Figure 5 shows the X-ray diffraction patterns of MP1.0, MP5, MP10, and P. Peaks were observed in formulations with higher concentrations of Pluronic® F-127 (MP5, MP10, and P). A closely similar peak ratio with ( 3 :   4 :   8 ) was observed in both MP10 and P, although the first peak of MP5 was broadened. According to the peak ratio, the structure of MP10 and P was identified as face-centered cubic (FCC). Together with cryo-TEM observation results, MP5, MP10, and P constructed FCC-packed micelles.

3.4. Nuclear Magnetic Resonance

{1H-1H} NOESY NMR spectroscopy was performed to investigate the interactions between the formulation components of P (Figure 6a,b) and MP10 (Figure 6c,d).

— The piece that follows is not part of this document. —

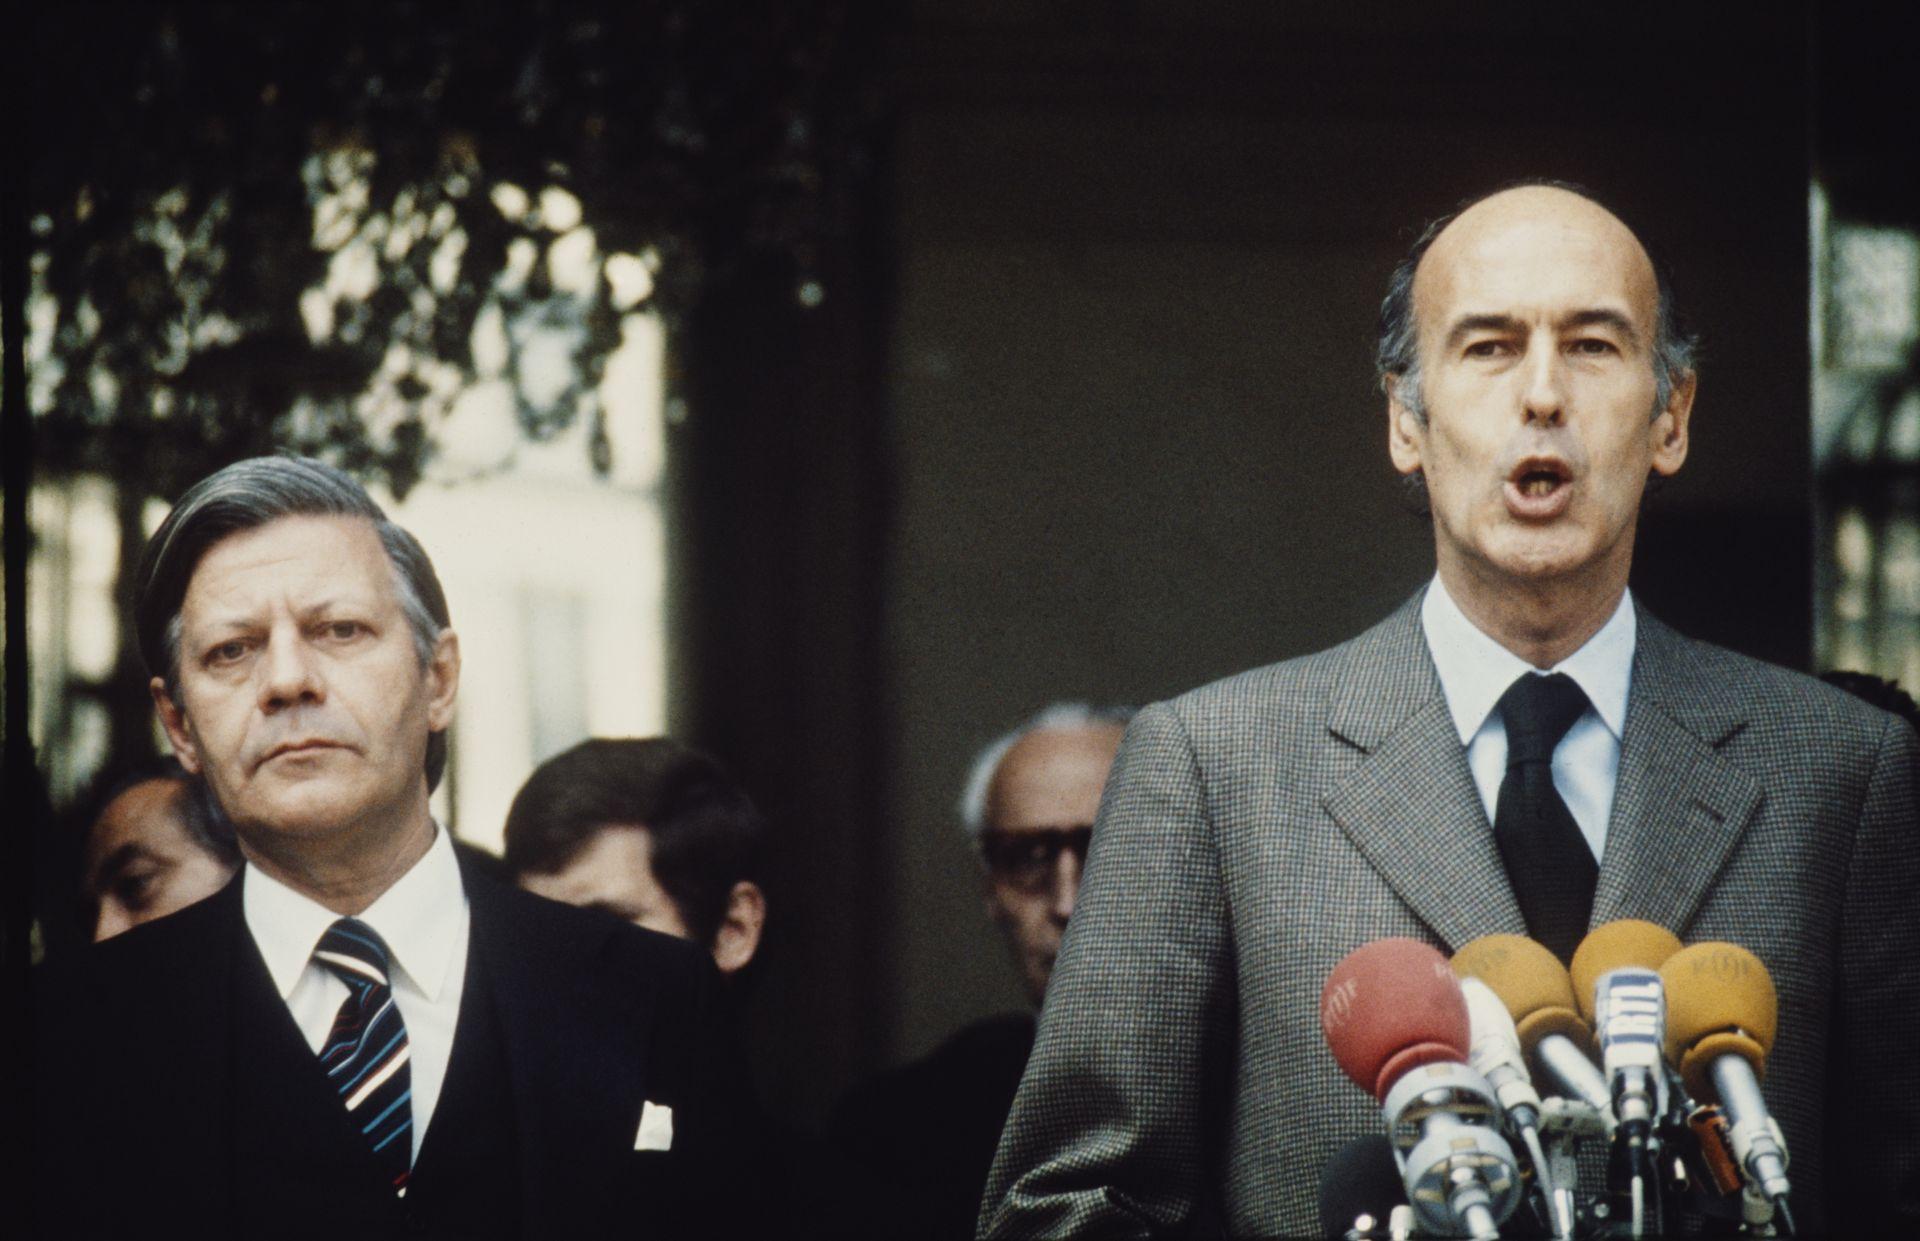 Валери Жискар д'Естен като президент на Франция с германския канцлер Хелмут Шмит (вляво) през 1974 г.
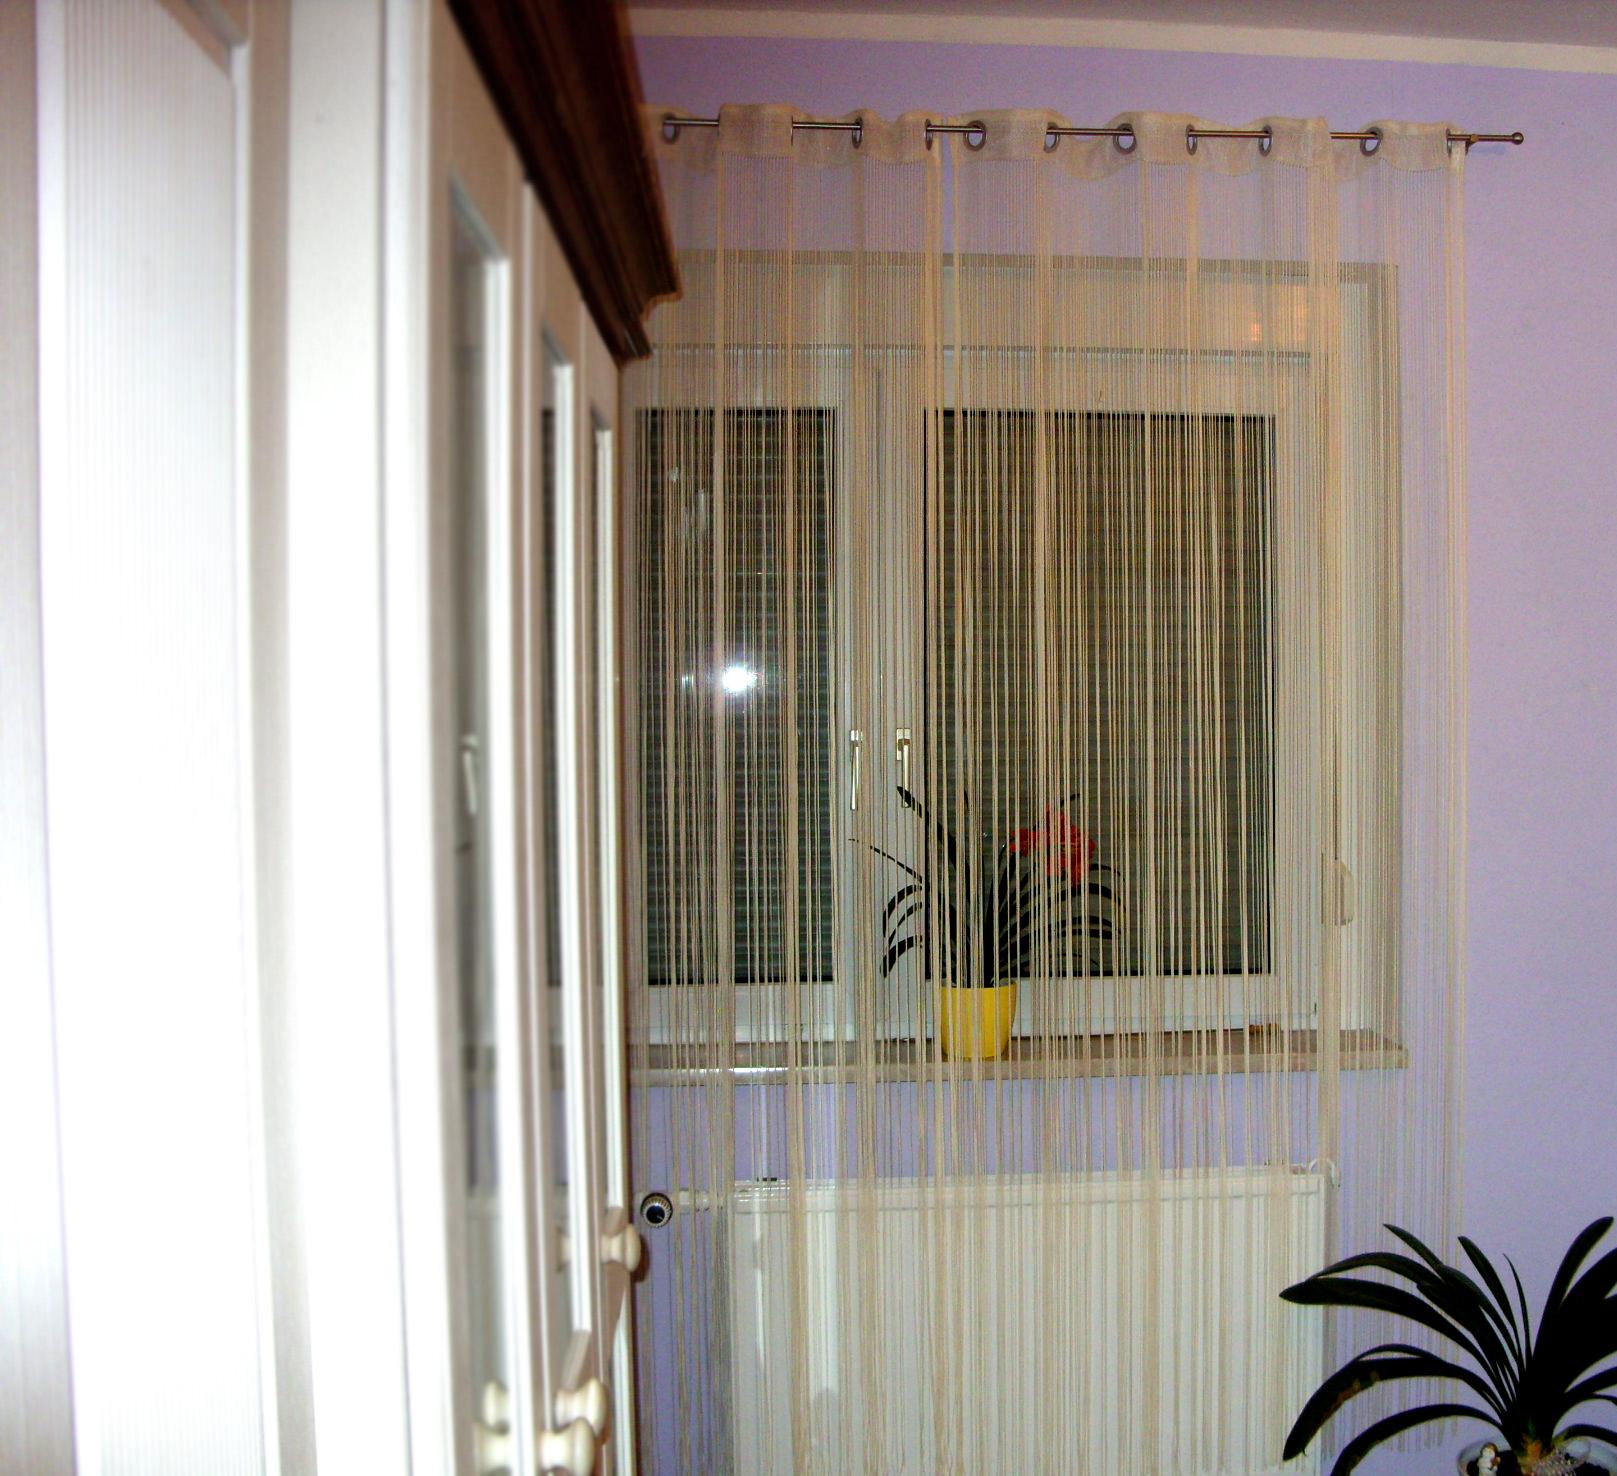 Full Size of Küchenfenster Gardine Bewertungen Zu Gardinen Stoffe Küche Wohnzimmer Für Die Schlafzimmer Fenster Scheibengardinen Wohnzimmer Küchenfenster Gardine

A comparison of the obtained NOESY NMR spectra of P and MP10 showed that an MGE-related peak appeared around 4.96 ppm only in MP10 (Figure 6c,d, f2). MGE showed cross-peaks with Pluronic® F-127 (Figure 6c,d, f1 = 0.93 ppm), oleyl groups of DOPG and DOPC (Figure 6c,d, f1 = 1.50 ppm and 2.19 ppm, respectively), and LA (Figure 6c,d, f1 = 1.77 ppm), indicating the presence of interactions. The interaction of the methyl group of the PPO segment in Pluronic® F-127 appeared at around 0.97 ppm (Figure 6, f2), and that of the methylene group (Figure 6, f1) observed at around 3.46 ppm was also confirmed.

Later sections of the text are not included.